Department of Rehabilitation Medicine, The Affiliated Hospital of Southwest Medical University, No. 25 Taiping Street, Luzhou, 646000, Sichuan, China.
Department of Rehabilitation Medicine, Southwest Medical University, Luzhou, Sichuan, China.
Neurol Sci. 2024 Aug;45(8):3887-3899. doi: 10.1007/s10072-024-07455-2. Epub 2024 Mar 21.
BACKGROUND: Most stroke patients suffer from an imbalance in blood supply, which causes severe brain damage leading to functional deficits in motor, sensory, swallowing, cognitive, emotional, and speech functions. Repetitive transcranial magnetic stimulation (rTMS) is thought to restore functions impaired during the stroke process and improve the quality of life of stroke patients. However, the efficacy of rTMS in treating post-stroke function impairment varies significantly. Therefore, we conducted a meta-analysis of the number of patients with effective rTMS in treating post-stroke dysfunction. METHODS: The PubMed, Embase, and Cochrane Library databases were searched. Screening and full-text review were performed by three investigators. Single-group rate meta-analysis was performed on the extracted data using a random variable model. Then subgroup analyses were performed at the levels of stroke acuity (acute, chronic, or subacute); post-stroke symptoms (including upper and lower limb motor function, dysphagia, depression, aphasia); rTMS stimulation site (affected side, unaffected side); and whether or not it was a combination therapy. RESULTS: We obtained 8955 search records, and finally 33 studies (2682 patients) were included in the meta-analysis. The overall analysis found that effective strength (ES) of rTMS was 0.53. In addition, we found that the ES of rTMS from acute/subacute/chronic post-stroke was 0.69, 0.45, and 0.52. We also found that the ES of rTMS using high-frequency stimulation was 0.56, while the ES of rTMS using low-frequency stimulation was 0.53. From post-stroke symptoms, we found that the ES of rTMS in sensory aspects, upper limb functional aspects, swallowing function, and aphasia was 0.50, 0.52, 0.51, and 0.54. And from the site of rTMS stimulation, we found that the ES of rTMS applied to the affected side was 0.51, while the ES applied to the unaffected side was 0.54. What's more, we found that the ES of rTMS applied alone was 0.53, while the ES of rTMS applied in conjunction with other therapeutic modalities was 0.53. CONCLUSIONS: By comparing the results of the data, we recommend rTMS as a treatment option for rehabilitation of functional impairment in patients after stroke. We also recommend that rehabilitation physicians or clinicians use combination therapy as one of the options for patients.

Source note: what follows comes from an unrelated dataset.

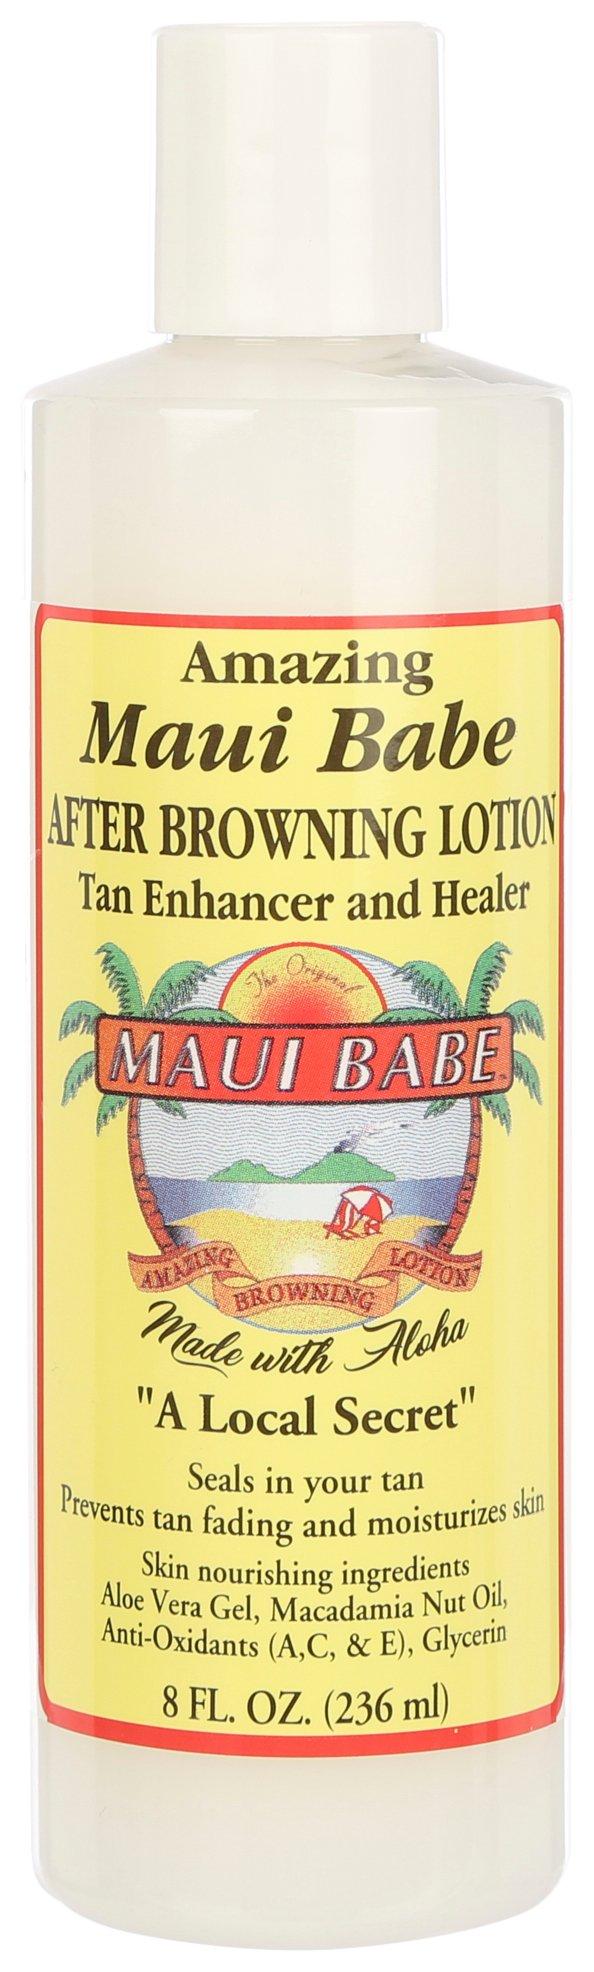 Maui Babe 8 Fl.Oz. Tan Enhancer & Healer Lotion

背景:大多数中风患者都存在供血不平衡的情况,这会导致严重的脑损伤,从而导致运动、感觉、吞咽、认知、情感和言语功能障碍。重复经颅磁刺激(rTMS)被认为可以恢复中风过程中受损的功能,并提高中风患者的生活质量。然而,rTMS 治疗中风后功能障碍的疗效差异很大。因此,我们对 rTMS 治疗中风后功能障碍的有效患者数量进行了荟萃分析。
方法:检索 PubMed、Embase 和 Cochrane Library 数据库。由三位研究者进行筛选和全文审查。使用随机变量模型对提取的数据进行单组率荟萃分析。然后进行亚组分析,亚组分析水平为中风发病急缓(急性、慢性或亚急性);中风后症状(包括上下肢运动功能、吞咽困难、抑郁、失语症);rTMS 刺激部位(患侧、健侧);是否为联合治疗。

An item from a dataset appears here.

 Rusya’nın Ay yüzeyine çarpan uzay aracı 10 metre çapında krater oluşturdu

结果:我们共获得了 8955 条检索记录,最终有 33 项研究(2682 名患者)纳入荟萃分析。总体分析发现 rTMS 的有效强度(ES)为 0.53。此外,我们发现急性/亚急性/慢性中风后 rTMS 的 ES 分别为 0.69、0.45 和 0.52。我们还发现高频刺激 rTMS 的 ES 为 0.56,低频刺激 rTMS 的 ES 为 0.53。从中风后症状来看,rTMS 在感觉方面、上肢功能方面、吞咽功能和失语症方面的 ES 分别为 0.50、0.52、0.51 和 0.54。而从 rTMS 刺激部位来看,rTMS 应用于患侧的 ES 为 0.51,应用于健侧的 ES 为 0.54。更重要的是,我们发现 rTMS 单独应用的 ES 为 0.53,而 rTMS 与其他治疗方式联合应用的 ES 为 0.53。
结论:通过比较数据结果,我们建议将 rTMS 作为中风后功能障碍康复的治疗选择。我们还建议康复医师或临床医生将联合治疗作为患者的选择之一。